Friday, January 25, 2008

The Savage Garden

Does a book that’s been recommended to you ever make you change your mind about someone? Polly, who you will have possibly read about and will be sure to read more about in the future, told me that I simply must read this book, she had really enjoyed it and was raving about it. I always respond well to passionate ravings about a book as it is something that I quite often do myself, and anyone who is passionate about a book and tells me I must read it normally gets my vote and read of said novel. Polly’s been right about many a book and indeed has bought me many a book, however having bought The Savage Garden by Mark Mills and having heard so much from Polly about how fabulous it was it had high expectations to meet. Let me also add that Polly is very well read and we generally like similar books. It has also been a Richard & Judy Summer Read, sadly I am someone who currently thinks that Amanda Ross’s choices of books are generally good ones too, another person who’s job I would kill for.

Anyway only thirty pages in I was thinking ‘am I reading the same book?’…I was. Set in post war Tuscany behind a grand villa lies and enchanting and mystical garden. A garden that in fact holds secrets, dark secrets with clues all around that someone needs to decipher. That person turns out to be Adam Strickland, a young scholar who visits the town and falls in love with the garden, its house and its family the Docci’s. The family themselves seem to have their own dark secrets and skeletons, could the garden and the house hold mysteries of murder, love and betrayal. Well I am not going to give that away, all I will say is by page 100 I couldn’t care less but felt obligated to finish the novel as I had promised Polly.

Mills is an author whom, for me personally, over describes everything.
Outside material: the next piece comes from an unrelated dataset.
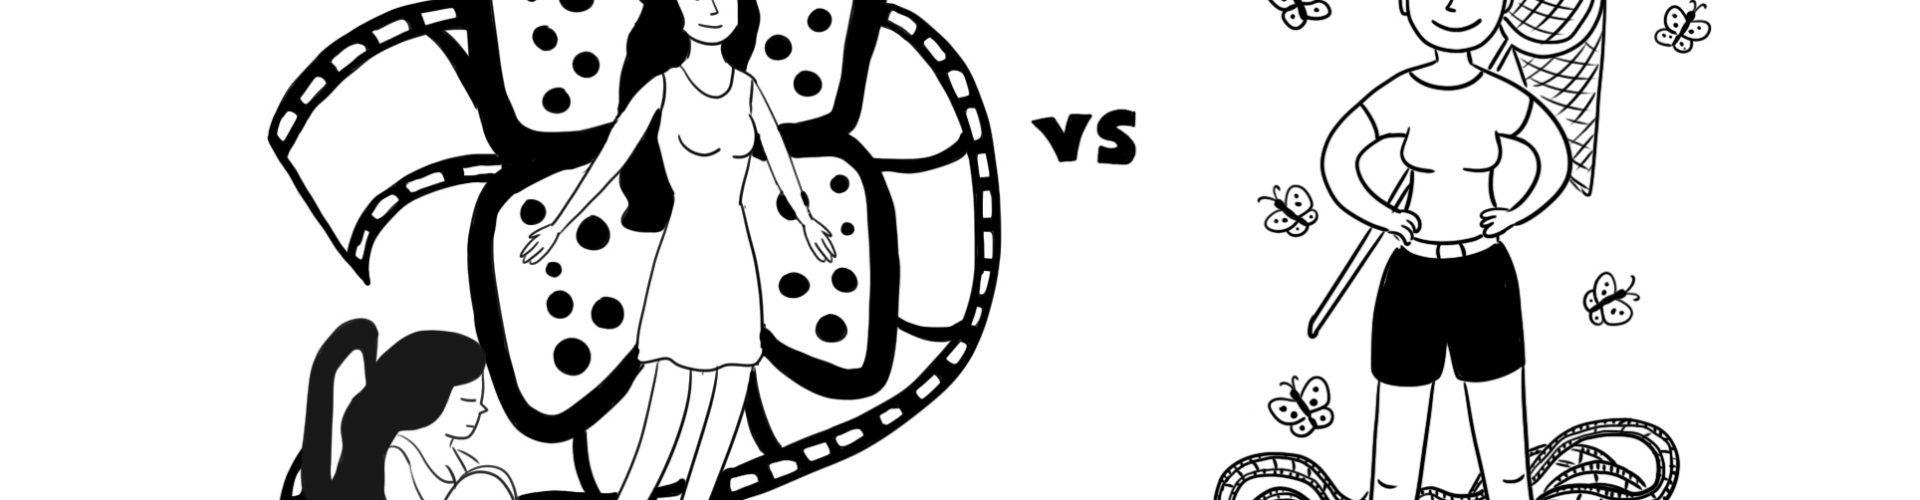 Чем отличаются герои фильмов и сериалов

He doesn’t just describe the house exterior, he describes every window, every column almost every ivy leaf that grows up the side. Boring. As a reader yes I want hints as to what things look like, what characters sound like etc, I don’t need to be told intricate details that delay the story but also force my brain to depict things to the nth degree, this is an author who seriously wants control of what his reader is taking in and all power to him, it just doesn’t work for me. I have heard some of my favourite authors say ‘once a book is written it’s the readers, they imagine the characters, their voices and actions, its no longer mine though I have the story and characters in my head, that’s the point though you write something people respond to and take into their own brains and hopefully hearts’ well something along those lines anyways.

I have to say I will not be recommending this to anyone. In fact I dont think I will be reading another Mark Mills, I could eat my own words, it would have to take something seriously amazing for me to change my mind after reading this. Has it changed my opinion of Polly? No, as if, not after 22 years of friendship, I may be more wary of her choices from now on after all she recommended London Fields, my most hated book of all time, but she has also recommended me some gems. I’ll make sure I blog her next recommendation.